JPH08125095A - Lead frame - Google Patents

Abstract

PURPOSE: To prevent the deflection of a lead to be increased in length in order to form a lead frame with an uncaulked heat sink. CONSTITUTION: A pattern is so formed as to extend leads 12 in the direction perpendicular to metallic strips 10. A heat sink 13 is disposed near one of the strips 10. The heat sink 13 is fixed to the strands 14 or tie bars 11 by a plurality of holders 14. Bents 17, 18 are provided at a ground lead 15 for coupling the heat sink 13 to the strips 10, and the part of the bar 11, and edge the end of the lead 12 is superposed above the heat sink 13 by the length consumed at the bents 17, 18. The lead 12 is not fixed to the other member except its root part, and coupled by a lead tie bar 30 for gathering the plurality of the leads 12. The root part of the lead 12 is connected to the strips 10 via the extended part 10a of the strips 10.

Description

Detailed Description of the Invention

[0001]

BACKGROUND OF THE INVENTION 1. Field of the Invention The present invention relates to a lead frame having a heat sink and a method for manufacturing a semiconductor device.

[0002]

2. Description of the Related Art A semiconductor device called a video pack (trade name) in which deflection circuits such as TV, HDTV, and CRT are integrated has been commercialized by the present applicant. Although a ceramic substrate to which semiconductor elements and other components are fixed is housed in a single package, the product is supplied by resin molding as a natural aim of cost reduction. Further, a method of using a lead frame like other semiconductor devices so as to be easily put into a manufacturing line is disclosed in, for example, Japanese Patent Laid-Open No. 6-163.
No. 786.

Referring to FIG. 7, 1 is two connecting strips, 2
Is a tie bar, one end of the lead 3 is connected to the tie bar 2, and the other end of the lead 3 is superposed on the heat sink 4 and bent to a part of the ground lead 5 for holding the heat sink 4 on the tie bar 2. By providing the portion 6, the tip portion of the lead 3 is superposed on the heat dissipation plate 4. D with heat sink
The IP type and SIP type lead frames process heat sinks from thick plates, and other parts from thin plates.
In contrast to joining by caulking, the above method is for processing from a single deformed material having a thick part and a thin part,
It has the advantage of being able to reduce costs.

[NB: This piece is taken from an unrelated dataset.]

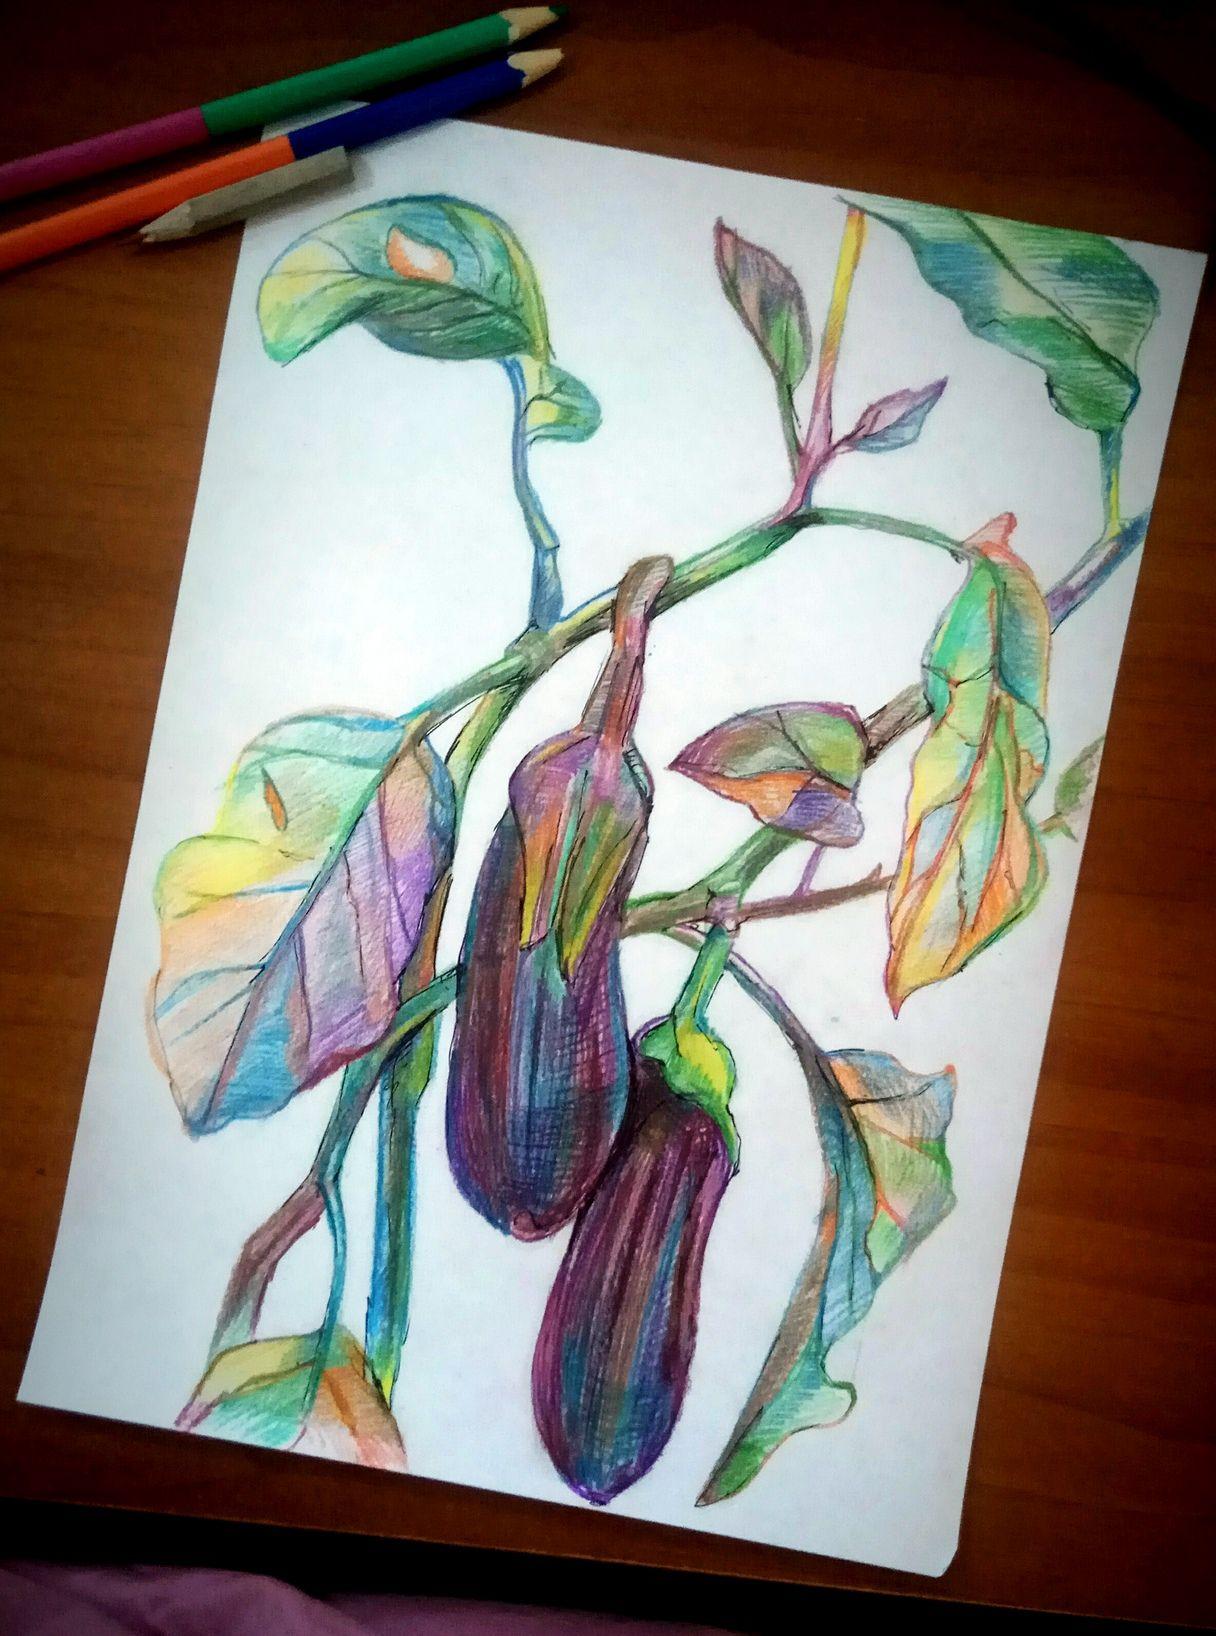 бананы баклажаны обощи лук рисунок гранат морковь карандаши фрукты натюрморт цветные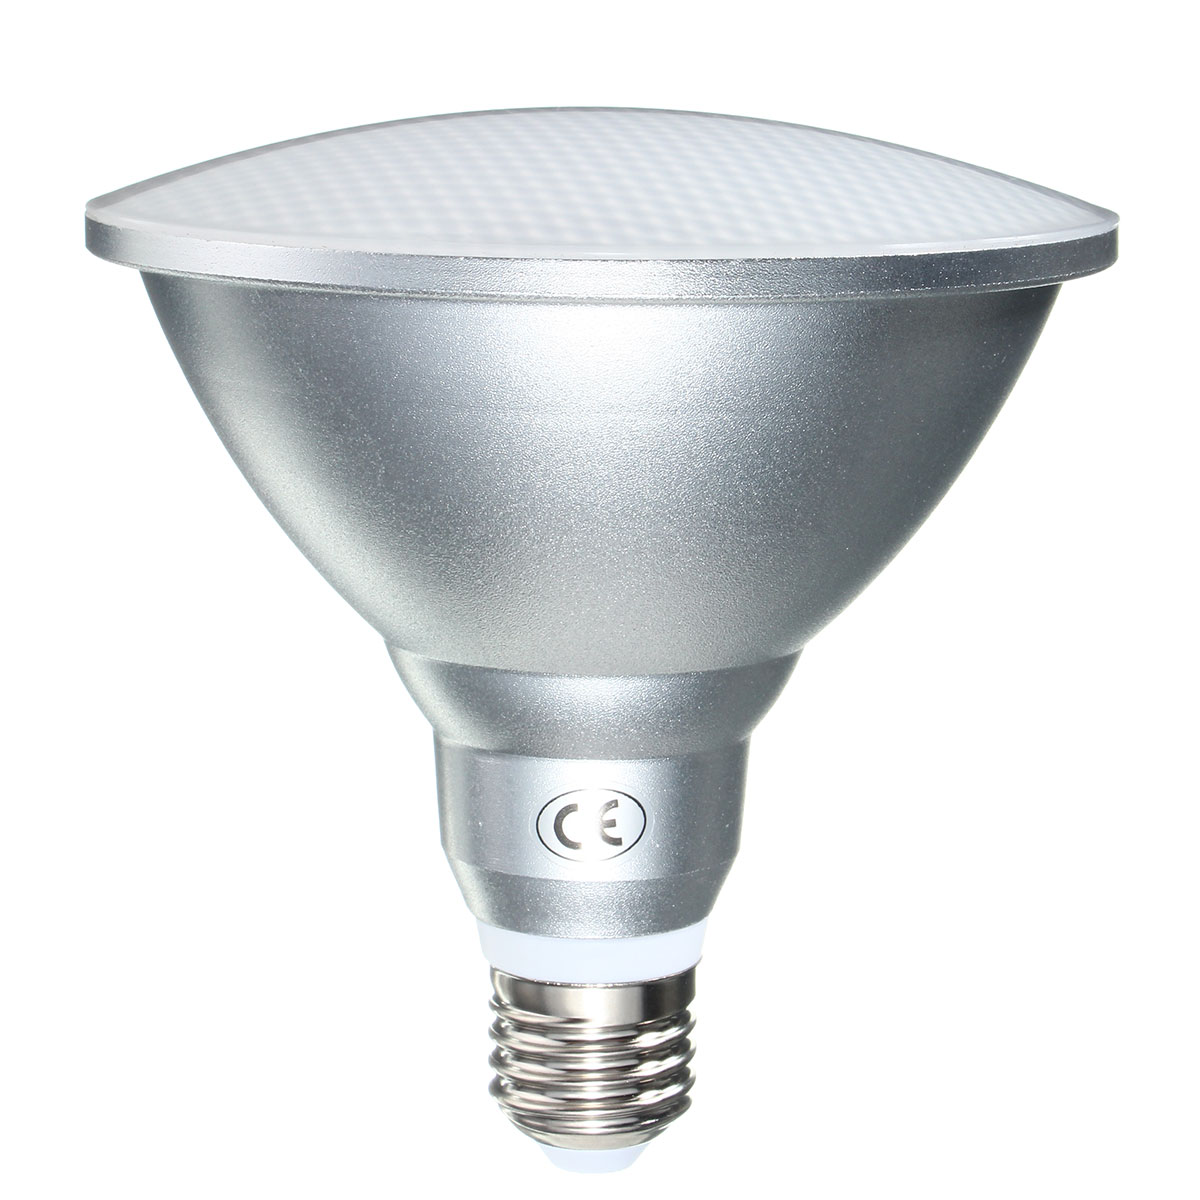 dimmable e27 15w 900lm led spot light bulb par38 ip65 lamp white warm white natural white ac220v. Black Bedroom Furniture Sets. Home Design Ideas

However, moving the heat sink 4 with respect to the position of the tie bar 2 requires that the heat sink 4 be held by two ground leads 5. If the heat radiating plate 4 is made up of a thin wall portion, it is still necessary to make the heat radiating plate 4 at a thick wall portion because it is necessary to give the heat radiating plate 4 a heat capacity of a certain amount or more. Therefore, for example, when the heat radiation plate 4 having a size of 25 × 12 mm is formed, the weight of the heat radiation plate 4 causes the heat radiation plate 4 to move to the left and right, which makes it impossible to perform accurate alignment in the assembly process. There may still be thick leads for discrete type power semiconductor devices, but if a lead width of, for example, about 0.5 mm is required for integrated circuits, fixing the heat sink 4 becomes almost impossible.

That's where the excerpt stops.